Task:
The lines below, from the one containing "Low Rise 90s" through the one containing "A participant in", should be set down exactly, with no pictures and nothing else.

Given records:
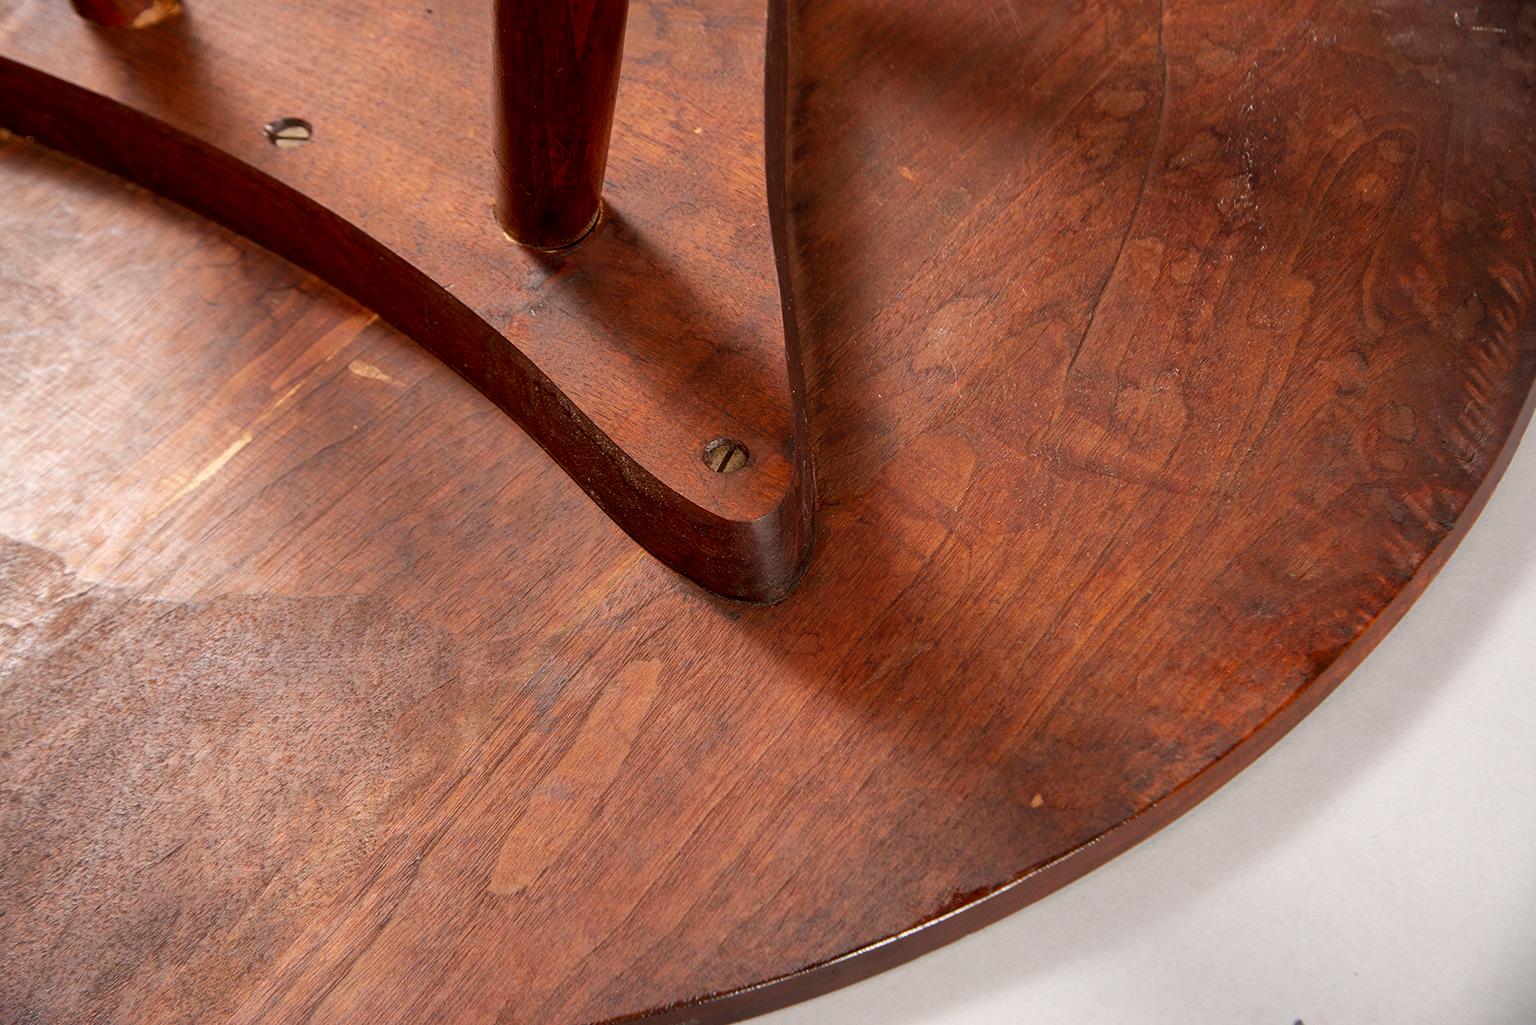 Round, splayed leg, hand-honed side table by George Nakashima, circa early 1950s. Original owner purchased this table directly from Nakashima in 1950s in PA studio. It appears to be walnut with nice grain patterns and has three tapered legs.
--
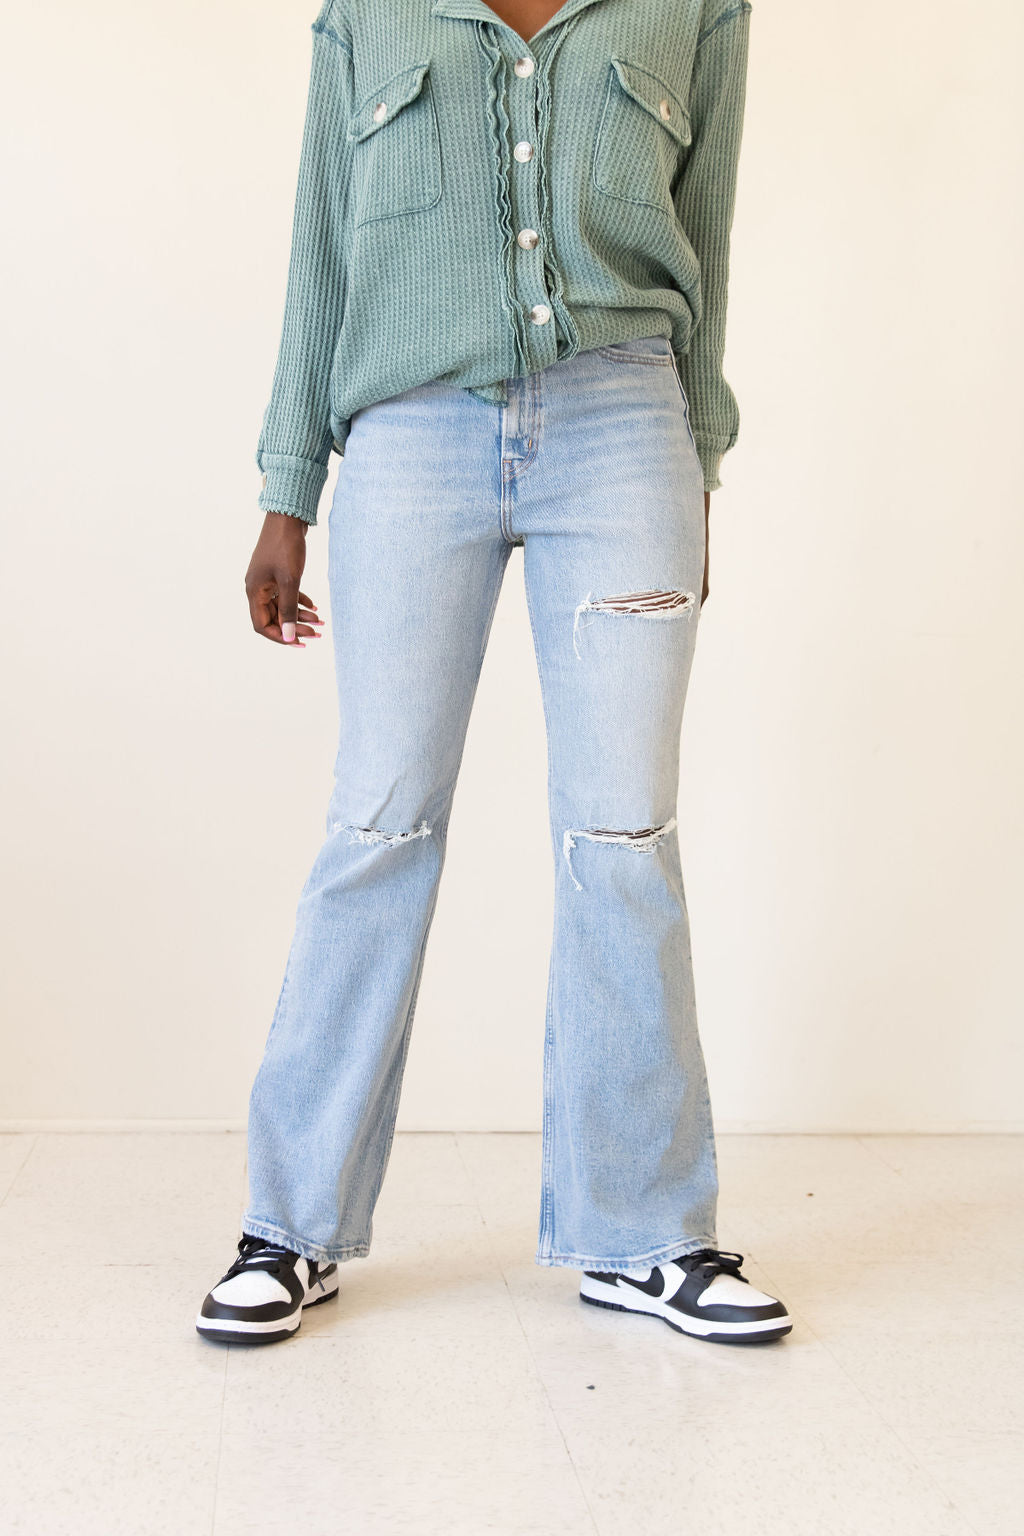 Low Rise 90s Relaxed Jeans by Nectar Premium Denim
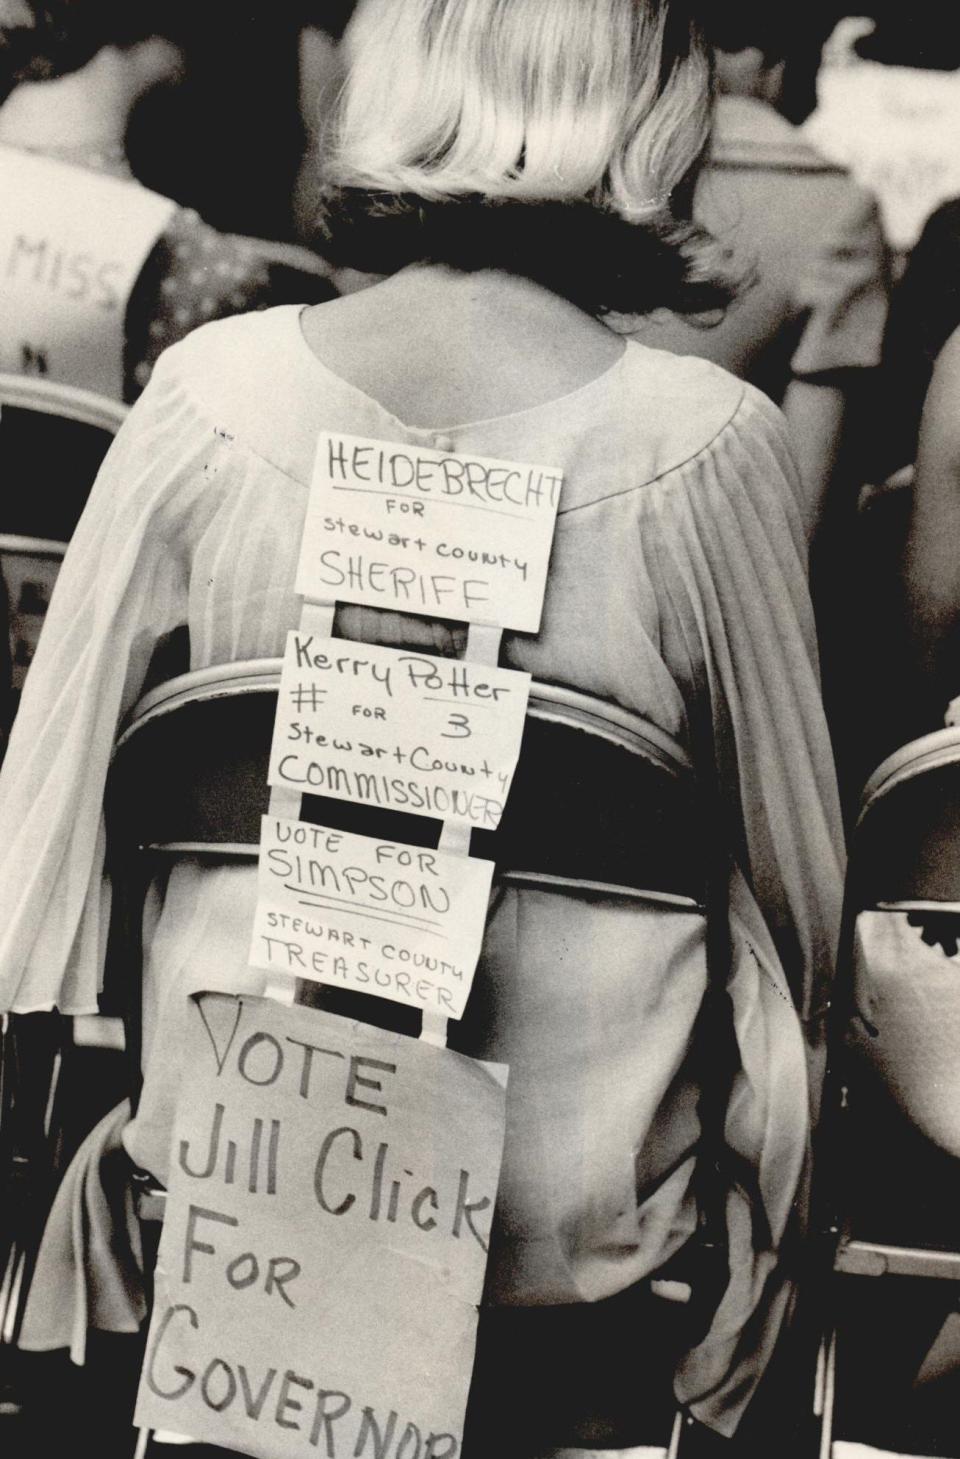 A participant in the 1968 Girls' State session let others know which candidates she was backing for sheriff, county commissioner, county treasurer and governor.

Written answer:
 Low Rise 90s Relaxed Jeans by Nectar Premium Denim
 A participant in the 1968 Girls' State session let others know which candidates she was backing for sheriff, county commissioner, county treasurer and governor.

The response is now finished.